Hopefully, you’re reading this because you’ve made a connection with an animal before. You’ve had your Benny. Or maybe you haven’t yet, but you will. Or you want to. My message, the message from all of us in the animal welfare community, is simple: Take a picture of your Benny, put it in an imaginary locket. Then, with the love you feel for your Benny, hold it in your hands so tightly that you become an alchemist; the love you feel for one becomes the love you feel for all. It is all one. Let the love you feel for your Benny expand until it is love for all Bennys.
The world is full of cats who need homes, wonderful, exhilarating, maddening cats. Let them into your life. If you don’t neuter or spay your animal companion, and they have a litter of twelve kittens, say, you may have shown your children the miracle of birth, and it may be one of the cutest things ever watching those kittens grow, explore, and learn to love the world around them. But know that, on the other end of that string, twelve cats in your neighborhood shelter die the next day. The math is simple and irrefutable.
We can achieve a world where no animals have to die needlessly; today, I truly believe this, to the core of my being. The responsibility we have is toward the alchemy that has nothing to do with our heads. I spent SO many years looking for the unifying theories of behavior—what makes cats tick? Why do cats do this? Why do cats do that? It’s simply just a waste of our collective breath. It saddens me so much when I think of the flawed understanding that protected me from loving that boy too much. Theorizing, explaining away, predicting behavior, empirical data—these are the psuedoscientific mechanisms that kept him at a distance, and kept the lessons at bay until now, some time after the dust from his passing has settled. Learn the story of your cat, but not like I learned the story of Benny; learn the lessons in animal time, assimilating ecstatic love and debilitating pain in the present moment. If you want to love them, learn to love like they do—firmly in the now.

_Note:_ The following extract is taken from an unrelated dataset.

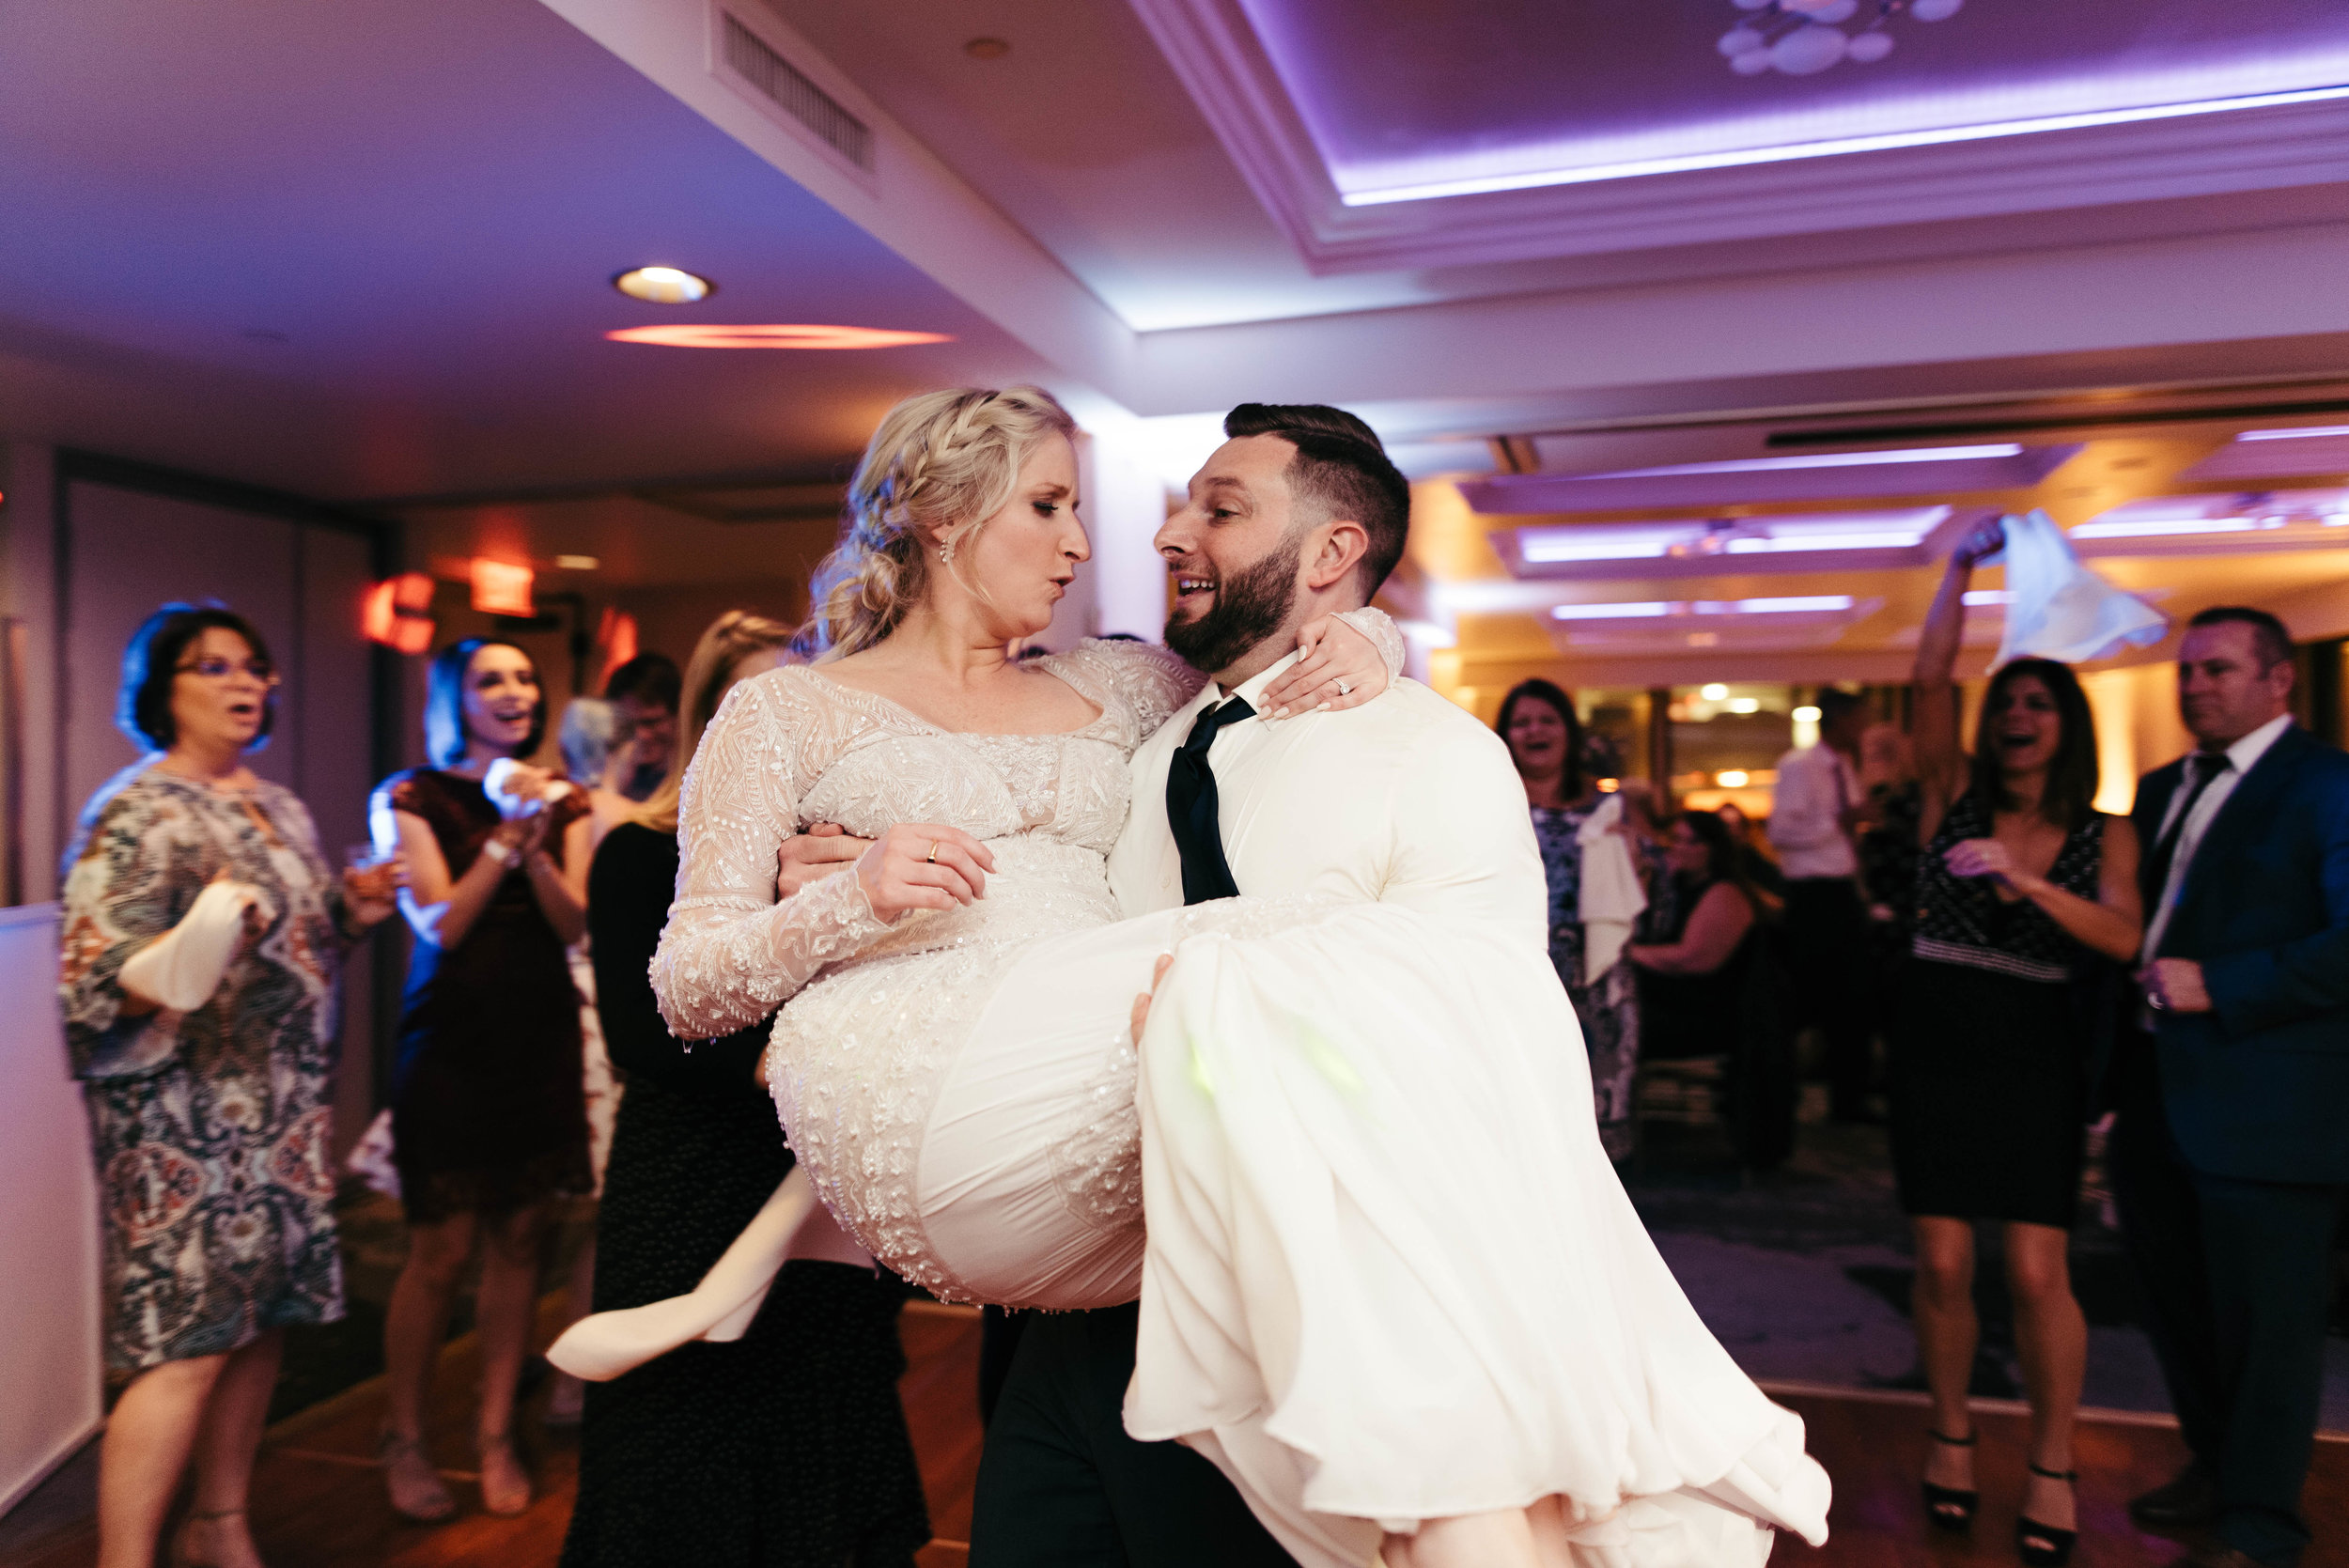 renaissance hotel wedding photos-58.jpg

Take the love you feel for one and love all. The process, I’m here to say, is terrifying. Loving the world is not like the trust fall exercise you did in EST, summer camp, or your last corporate retreat; loving the world is far bigger than that, far riskier, and far more impossible. And if you’re like me, you continually ask the universe to come closer, like a stranger you’re trying to pick up at a bar. When you kiss the universe passionately and she says she loves you, however, you run as fast and as far as you can, as if she were the cartoon skunk.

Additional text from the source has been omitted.